Inter-American Development Bank gives Costa Rica dam project a boost
The Inter-American Development Bank (IDB), which approved $670 million in loans to finance the Reventazón Hydroelectric Dam in June, will now add another $200 million in guaranteed financing to help support Central America’s largest renewable energy project.
More than 90 percent of Costa Rica’s electricity is currently generated from renewable resources.
The Costa Rican Electricity Institute (ICE) and the International Finance Corporation, a private arm of the World Bank, will sponsor the project, which includes the construction of a dam 130 meters tall that will divert water from the Reventazón River near the Caribbean slope town of Siquirres.
When finished, the dam will generate an average of 1,407 gigawatt hours of electricity per year – approximately 10 percent of Costa Rica’s total capacity for electricity generation and enough to power more than half a million homes.
In a press release, Jean-Marc Aboussouan, head of infrastructure financing at the IDB’s Structured Corporate Finance Department noted, “the successful implementation of the environmental and social elements in this project will provide an important model for hydroelectric projects in Latin America.”
The loan will help finance the design, construction and maintenance of the plant and associated facilities.
In the project’s early stages in June, the loan was managed by a trust facilitated by ICE, which is now “part A” of an “A/B loan.” This portion of the trust will be handled by a trustee chosen by ICE, probably within the Costa Rican banking system, said Gian Franco, project co-leader at the IDB.
Franco said that during initial stages one option was to channel financing through ICE. However, the new A/B structure has replaced that option. Within the new loan structure, all loans going forward will be paid out directly to the project through a new trust, or part B of the A/B loan.
“The reason for this,” Franco said, “it that this trust allows lenders to lend at longer terms than if it were a corporate loan.”
The $200 million approved last week was financed completely by the IDB. Future loans will continue to use this same structure to allow for wider lending options. The trustee will retain limited responsibilities and simultaneously will play the role of borrower, again providing for more flexibility in future lending opportunities, according to Franco.

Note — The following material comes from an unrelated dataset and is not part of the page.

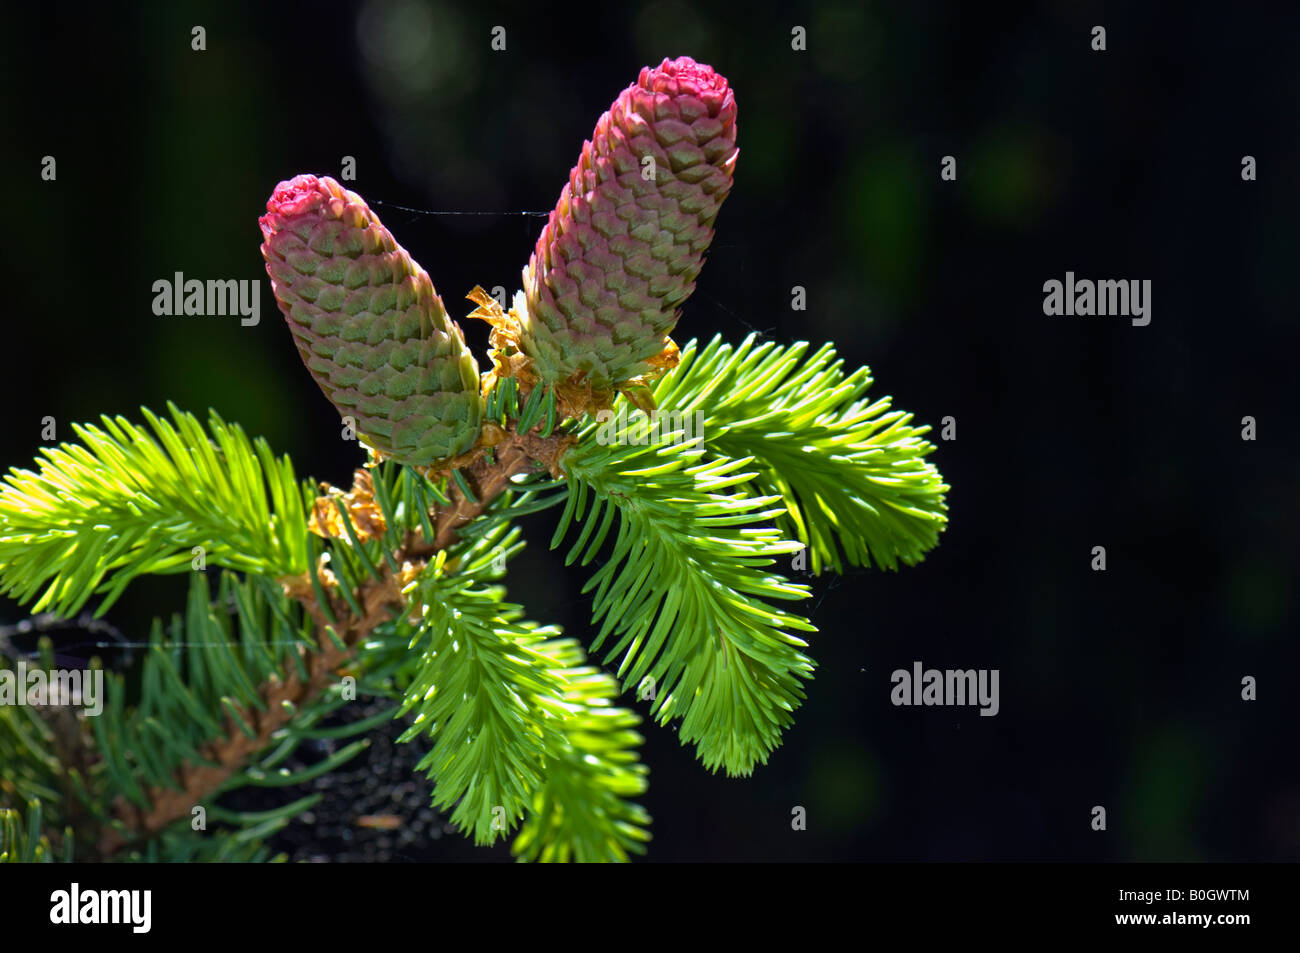 Acerbi fir coni cono verde fresco su giovani abeti aghi di abete Foto Stock

The International Finance Corporation, together with the IDB and local banks including Banco Popular, Banco Nacional and Banco de Costa Rica, will lend directly to this newly created trust.
Franco estimated that $900 million will be made available to the project by the end of November, pending the approval of both the International Finance Corporation and local banks.
The IDB is targeting a financial closing by the end of December.